Assessment of ideal cardiovascular health metrics
We used the AHA definitions of ideal cardiovascular health metrics [3]. These metrics consist of 7 modifiable health behaviors and factors, which were divided into three levels (ideal = 2 points; intermediate = 1 point; poor = 0 points). CVH was assessed based on hemodialysis patients’ self-reported smoking status, dietary habits, physical activity, and medication for hypertension, diabetes, and hyperlipidemia, in conjunction with their blood indicators.

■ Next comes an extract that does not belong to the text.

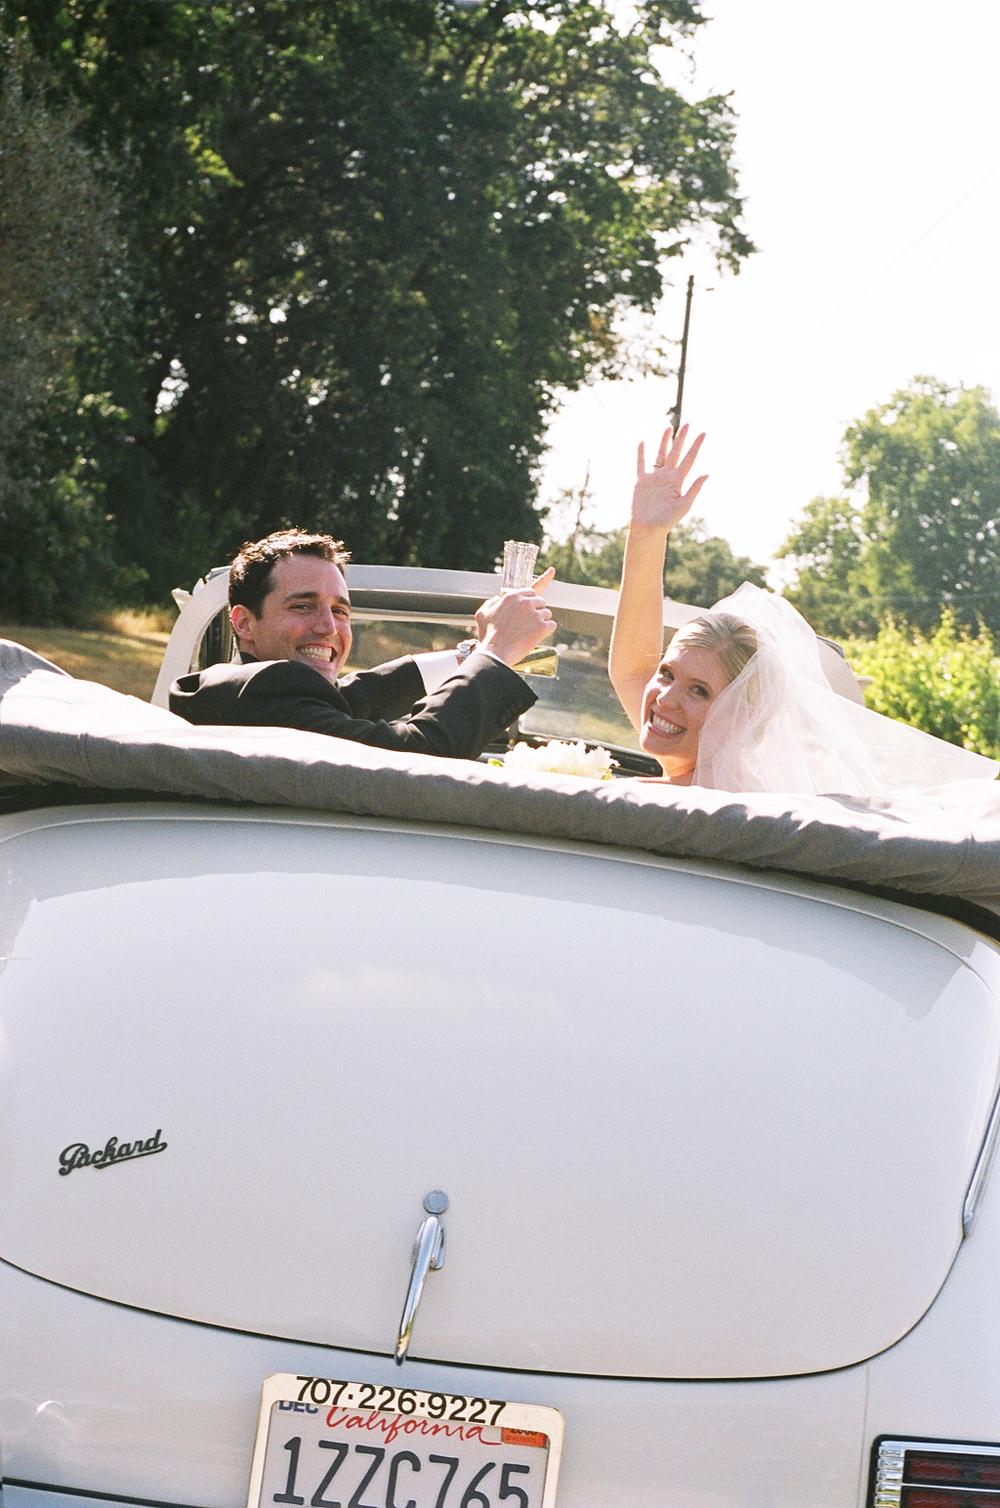 sylvie-gil-film-photography-wedding-car-flowers-bride-groom-details
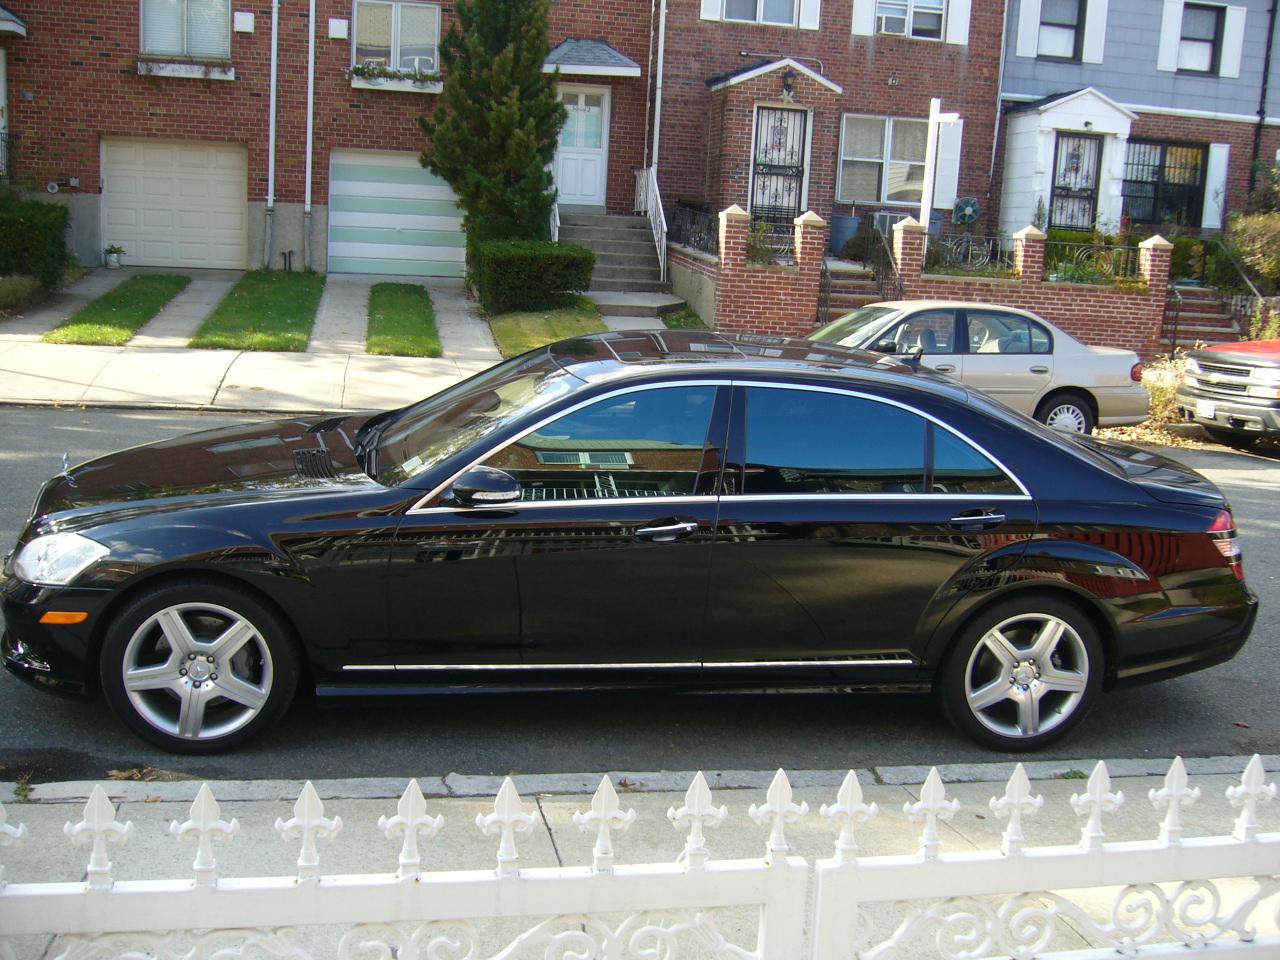 Mercedes benz s550 4matic photos reviews news specs for Buy a mercedes benz

In addition, since salt intake has a significant impact on the cardiovascular health of the Chinese population, the dietary habits in this study will primarily focus on salt intake rather than vegetable intake [17]. Briefly, the ideal health behaviors include: (1) ideal smoking status, which means never smoking or quitting smoking more than 12 months ago; (2) ideal BMI, which is BMI < 25.0 kg/m2; (3) ideal physical activity, which means moderate to vigorous physical activity ≥ 150 min/week; (4) ideal dietary habits, characterized by light salt intake. The ideal health factors include: (1) ideal Total Cholesterol (TCH), Untreated TCH < 5.18 mmol/L; (2) ideal Fasting Plasma Glucose (FPG), Untreated FPG < 5.6 mmol/L; (3) ideal Blood Pressure (BP), untreated Systolic Blood Pressure (SBP) < 120 mmHg/ Diastolic Blood Pressure (DBP) < 80 mmHg. We sum up the number of ideal cardiovascular health metrics for each patient, ranging from 0 to 7. Patients were categorized into poor (0–2), intermediate (3–4), and ideal (5-7) [3].
Statistical analysis
Data were presented as mean ± SD and median (quartiles) for continuous variables, and frequency (percentages) for categorical variables. Analysis of variance and Kruskal-Wallis test corrected by Bonferroni were used for continuous variables, and χ2 test was used for categorical variables.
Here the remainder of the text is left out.